• Task details:
The whole listing, exactly as given: write it out, leaving out each image.

• Data block:
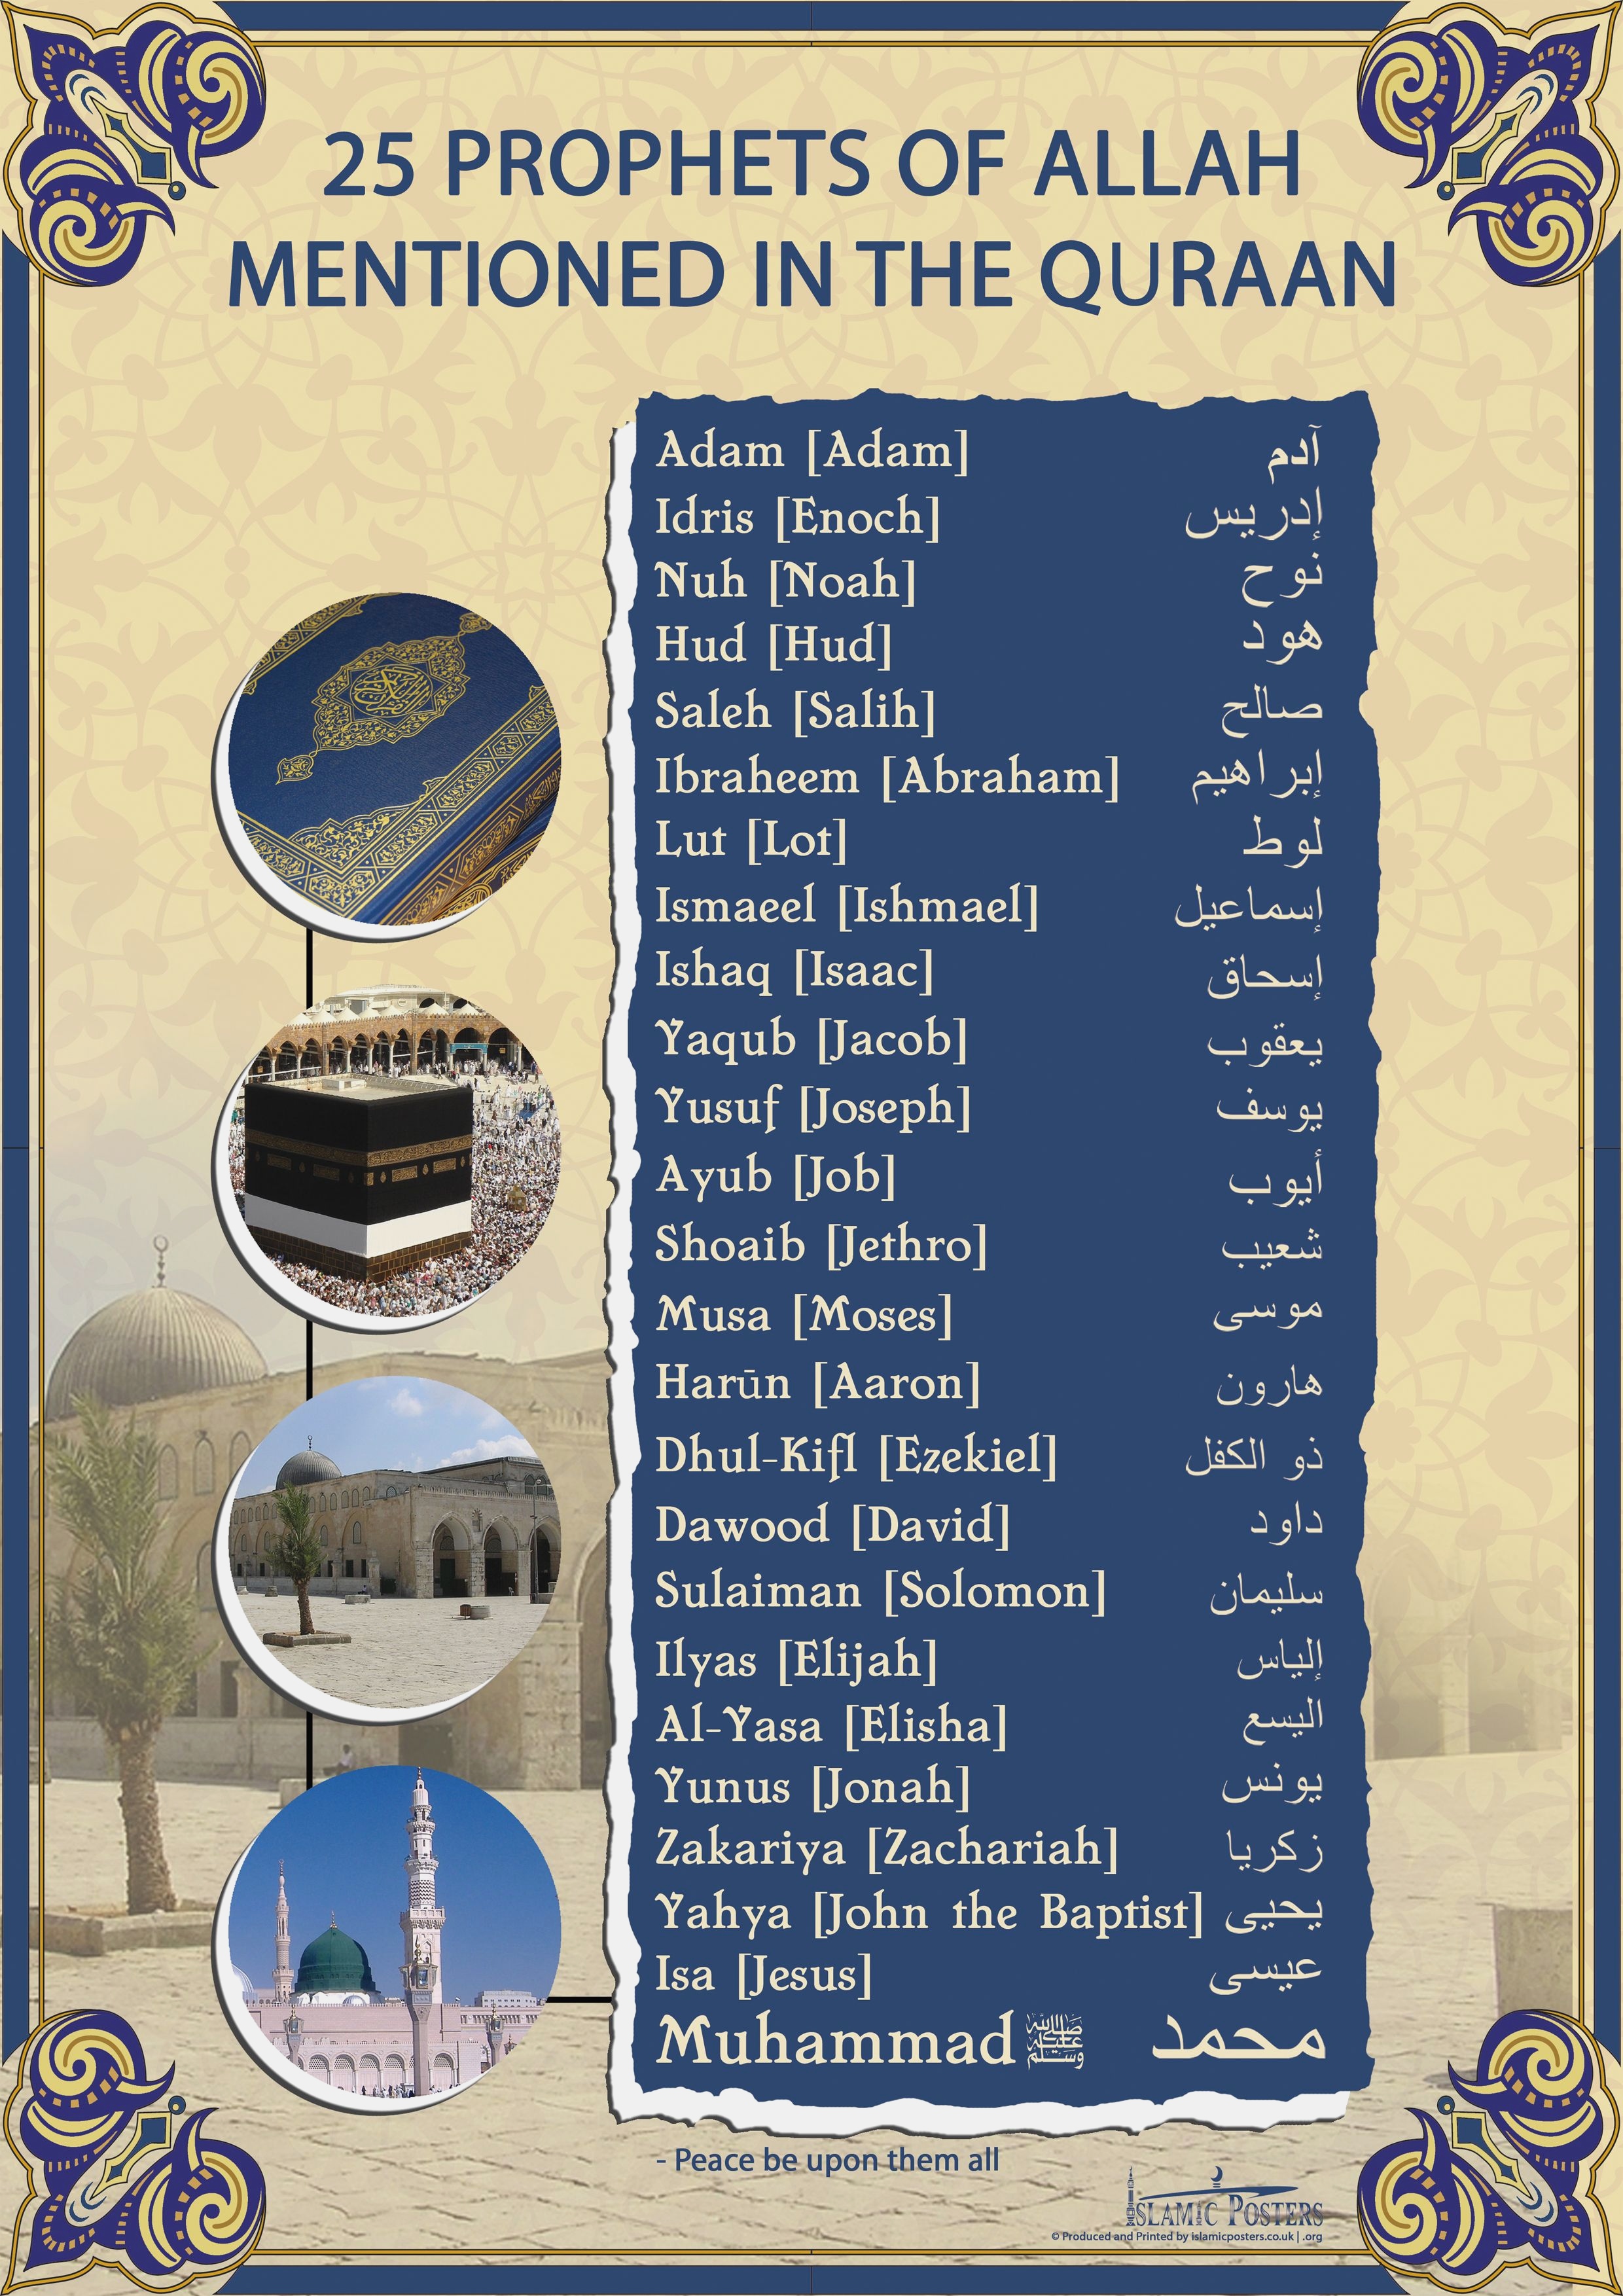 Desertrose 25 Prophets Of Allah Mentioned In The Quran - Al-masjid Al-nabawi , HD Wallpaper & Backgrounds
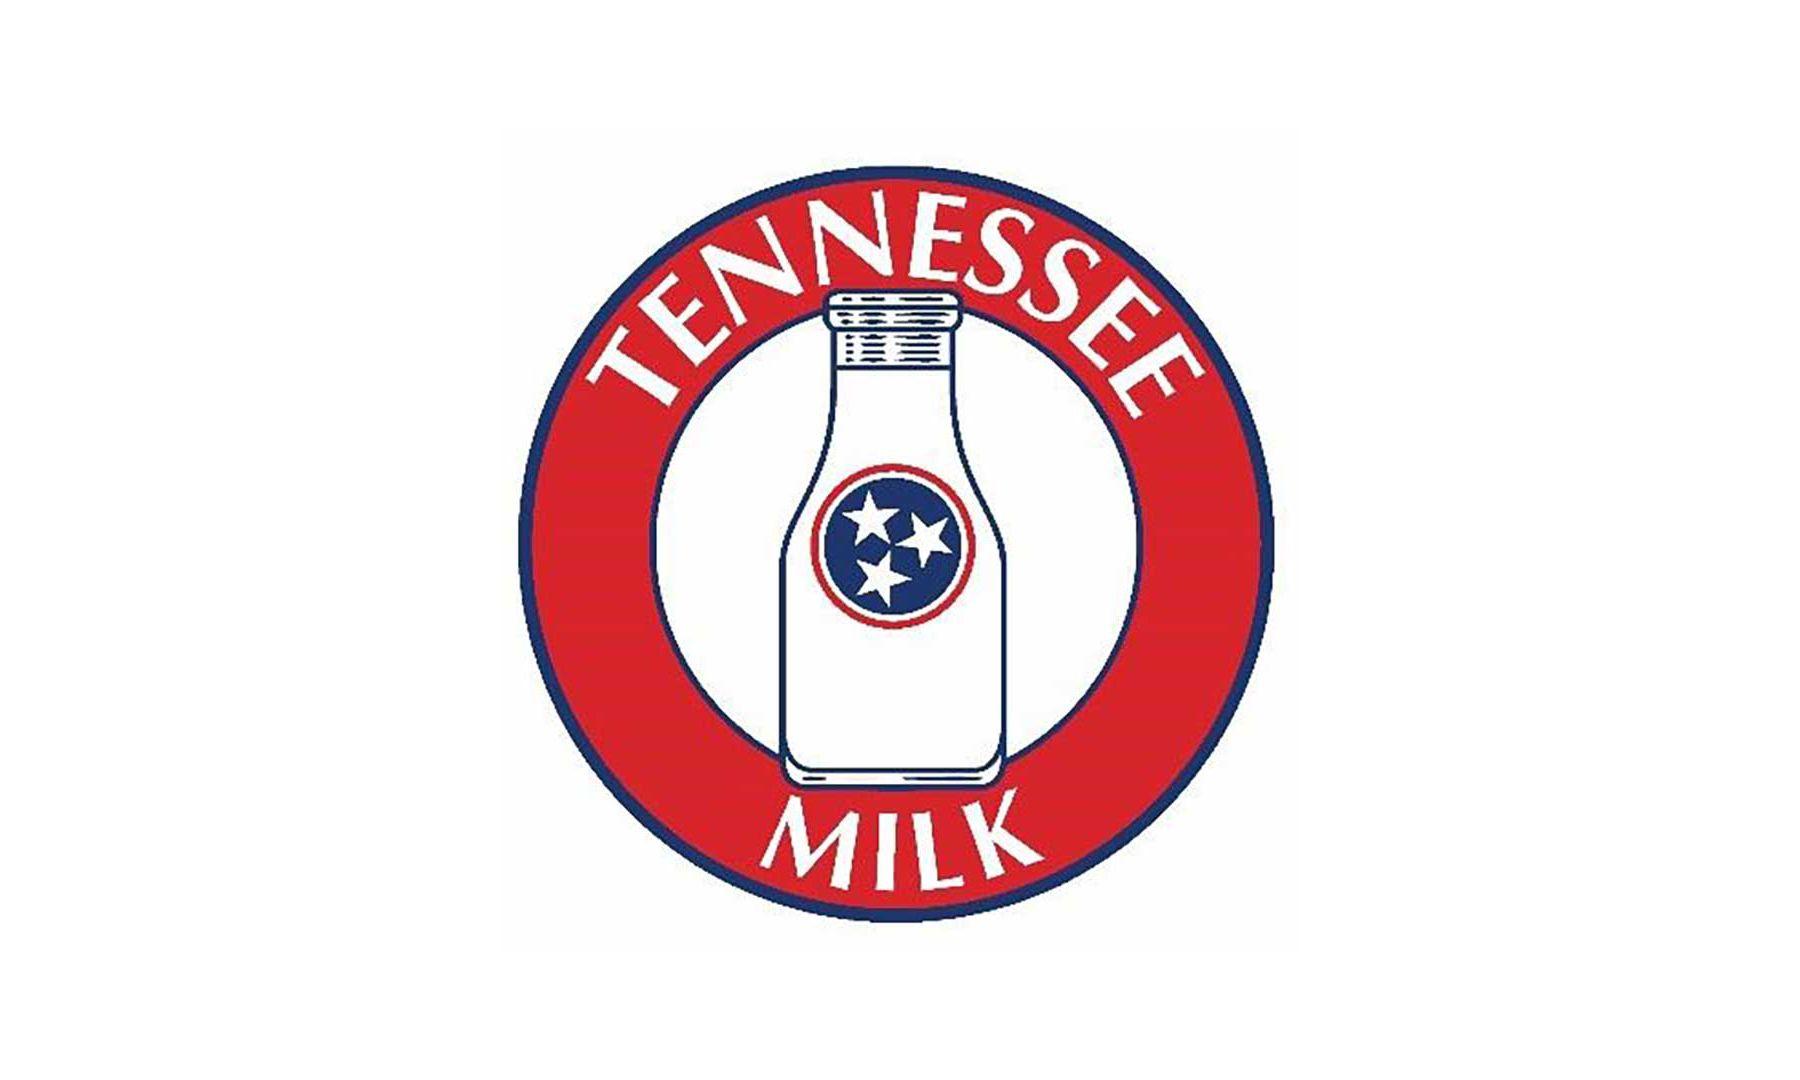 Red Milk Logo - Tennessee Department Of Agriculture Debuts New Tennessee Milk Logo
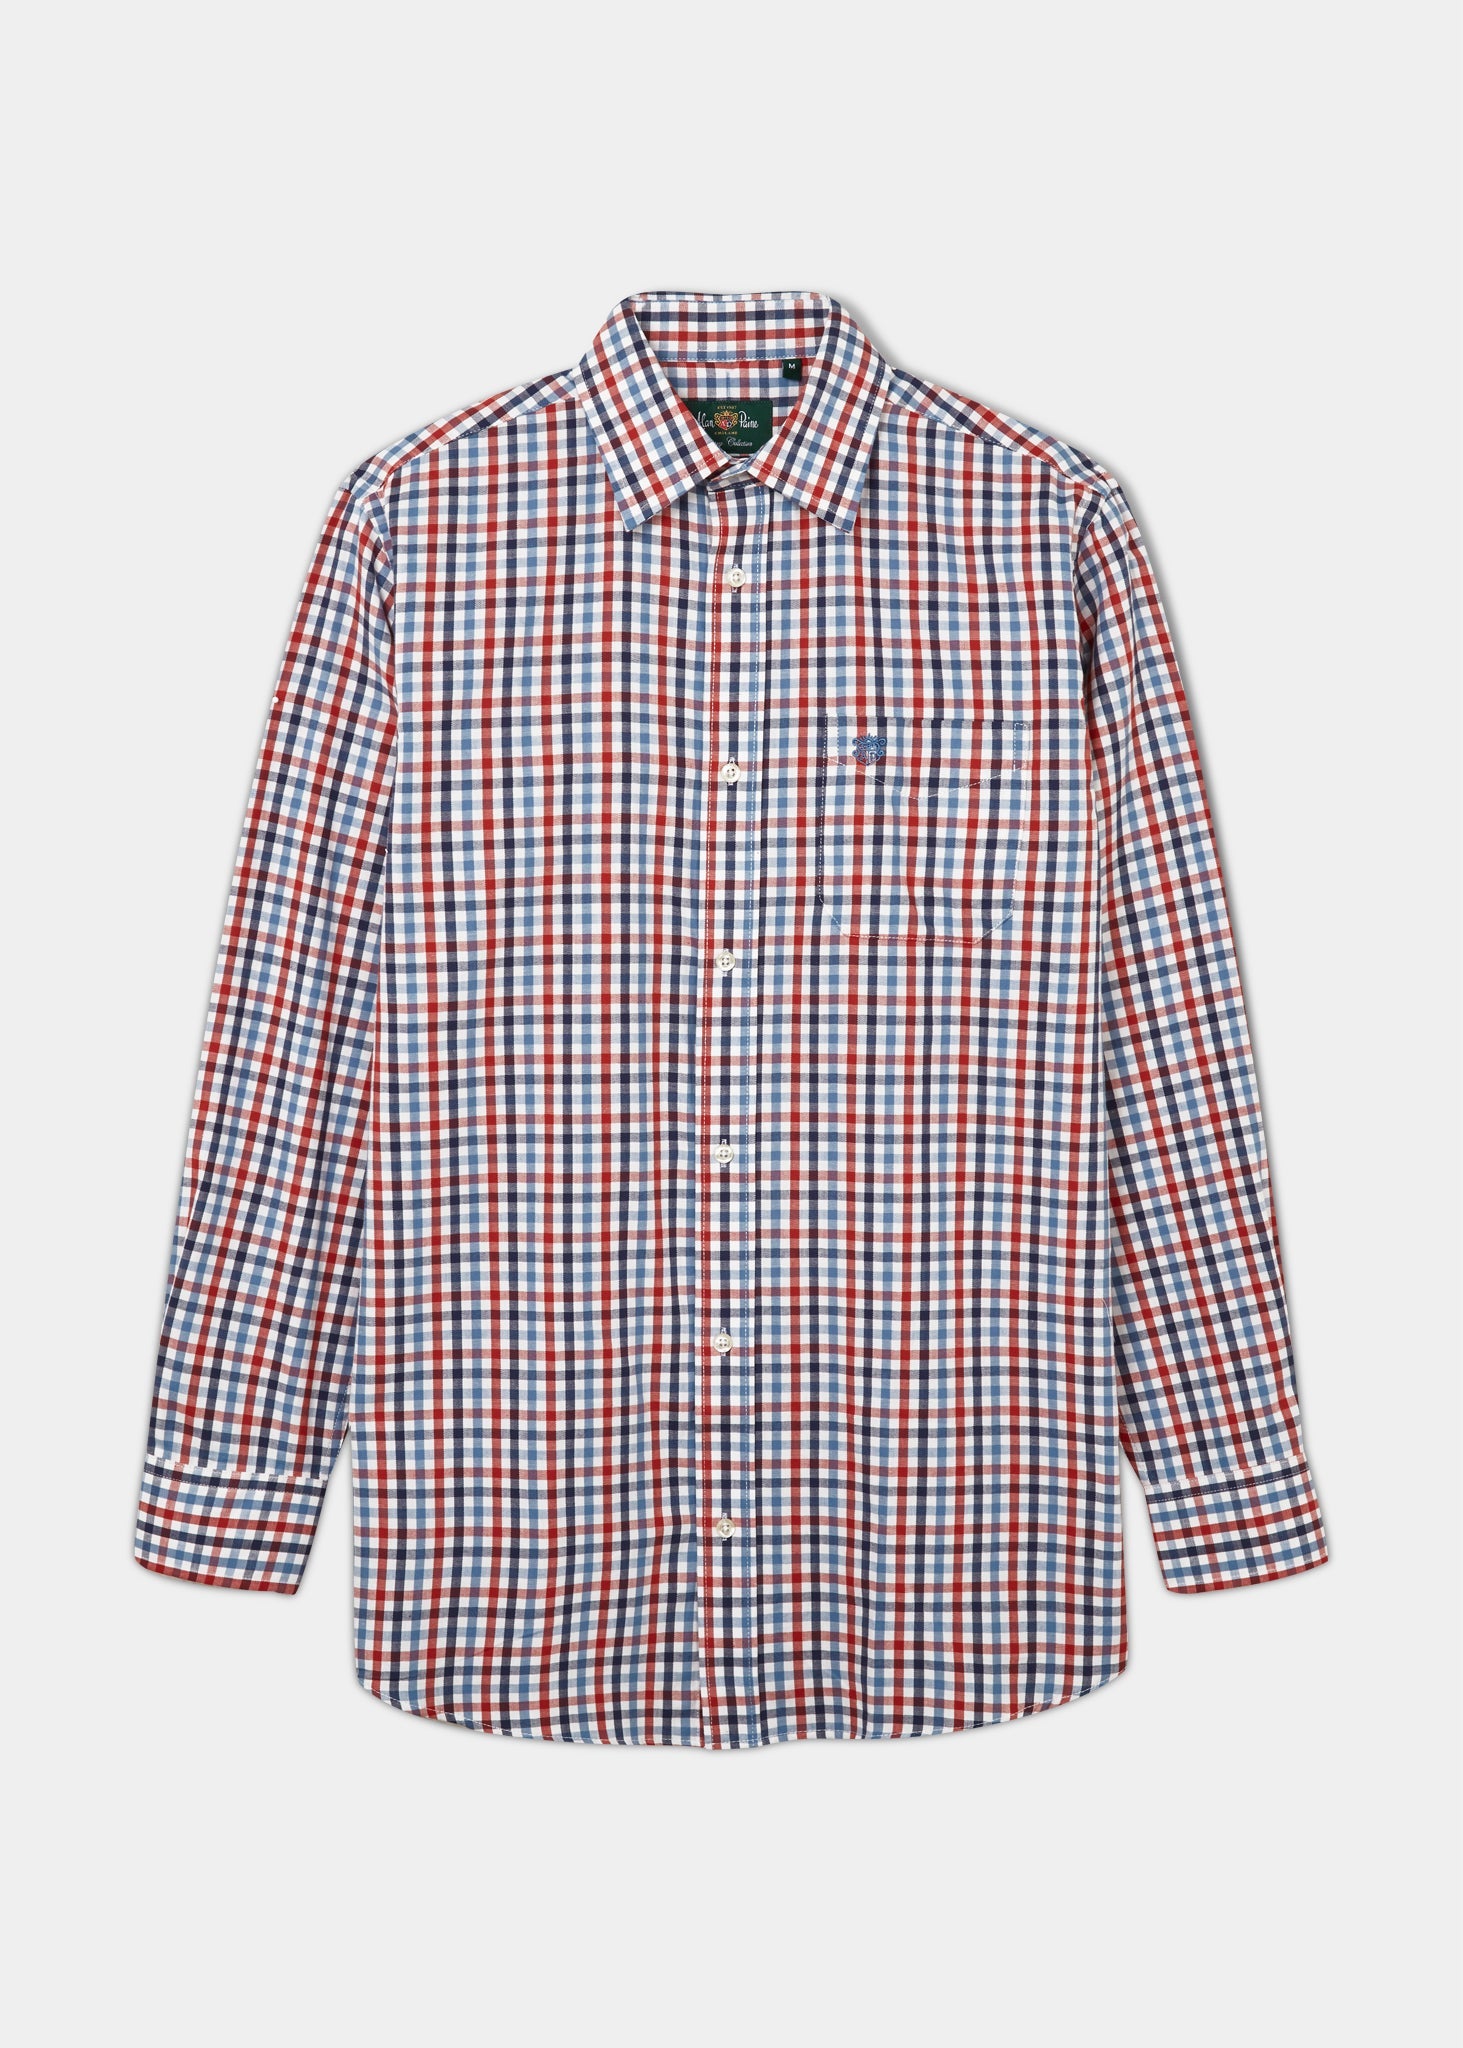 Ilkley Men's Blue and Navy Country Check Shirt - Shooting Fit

• Result for this exercise:
 Desertrose 25 Prophets Of Allah Mentioned In The Quran - Al-masjid Al-nabawi , HD Wallpaper & Backgrounds
 Red Milk Logo - Tennessee Department Of Agriculture Debuts New Tennessee Milk Logo
 Ilkley Men's Blue and Navy Country Check Shirt - Shooting Fit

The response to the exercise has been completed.